LAWS(GJH)-2006-11-43

UNITED INDIA INSURANCE CO LTD Vs. LALJIBHAI HAMIRBHAI

Decided On November 20, 2006
UNITED INDIA INSURANCE CO LTD Appellant
V/S
LALJIBHAI HAMIRBHAI Respondents

JUDGEMENT

(1.) The United India Insurance Co. Ltd., has filed this appeal under Section 110-D of the Motor Vehicles Act [hereinafter referred to as the "Act"], against the judgment and award made by MACT [Main], Ahmedabad. Rural at Narol in MAC Application No. 520 of 1981 dated 16th April, 1983. In this appeal the appellant has challenged the finding given by the Tribunal that the driver of the vehicle insured with the appellant was 100% negligent while driving his vehicle and as a result of the same, he caused accident in question. The Tribunal has therefore held the insured as well as the appellant vicariously liable to satisfy the entire award.

(2.) Respondent no. 1, who is hereinafter referred to as the claimant, filed MAC Application No. 520 of 1981 to recover the compensation of Rs.50,000=00 for the bodily injury and consequential disability suffered by him. According to the claimant, on 30th July, 1980 he was serving as a cleaner and was attached to truck bearing registration No. GTB 6977. On that day, around 2:30 to 4:45 p.m., the truck was travelling on Ahmedabad Bhavnagar highway. When it reached near village Changodara, one bus belonging to respondent no. 3 - GSRTC was proceeding ahead in the same direction. It is alleged by the claimant that the truck was driven by the driver of opponent no. 1 with excessive speed and in rash and negligent manner. As a result of such driving, the truck dashed against the rear side of the bus and due to the impact, the claimant sustained serious injuries including fracture of the femur bone. He was removed to the hospital for treatment. It is the say of the claimant that he had to undergo operation and thereafter the injured limb remained in plaster cast for long period. It was averred that in spite of the expensive and treatment of long duration, he could not be fully cured and he suffered permanent disability, which rendered him totally unfit for working as truck cleaner. According to him, on the date of the accident, his salary was Rs.250=00 per month, over and above the different allowances received by him. On the basis of the same, he claimed Rs.50,000=00.

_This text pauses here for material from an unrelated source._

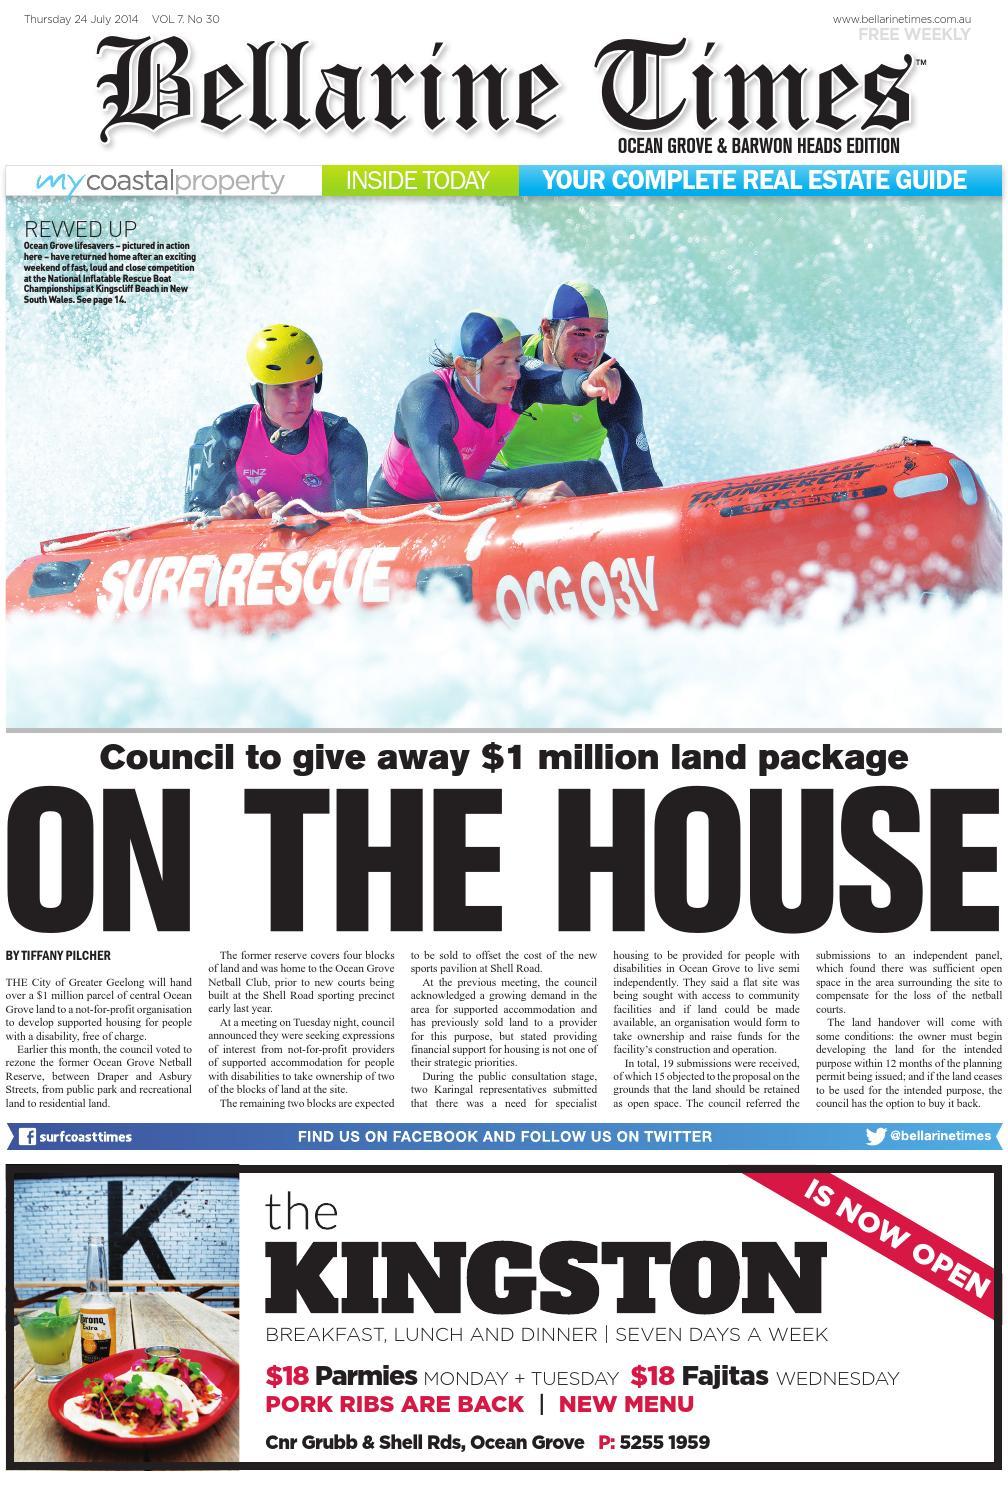 Bellarine Times Ocean Grove: July 24, 2014 by Surf Coast News ...

(3.) The application was resisted by the appellant namely the insurer of the truck by filing written statement at Exh. 7. It was denied that the claimant was working as cleaner of the offending truck. It was contended that he was gratuitous passenger travelling in the vehicle without the permission and knowledge of respondent no. 2 i.e., the owner of the truck. According to the appellant since there was breach of condition of the policy, it was not liable to pay any compensation to the claimant. It was contended that the bus was proceeding ahead of the truck with excessive speed and all of a sudden the driver of the bus applied breaks without giving any signal for cautioning the vehicles following it. Because of such rash act, the collision took place. In other words, the appellant tried to throw blame on the driver of the S.T. Bus. In the alternative it was also averred that if the driver of the truck was held liable for causing accident, the liability of the appellant could be only to the extent it arose under the Workman's Compensation Act.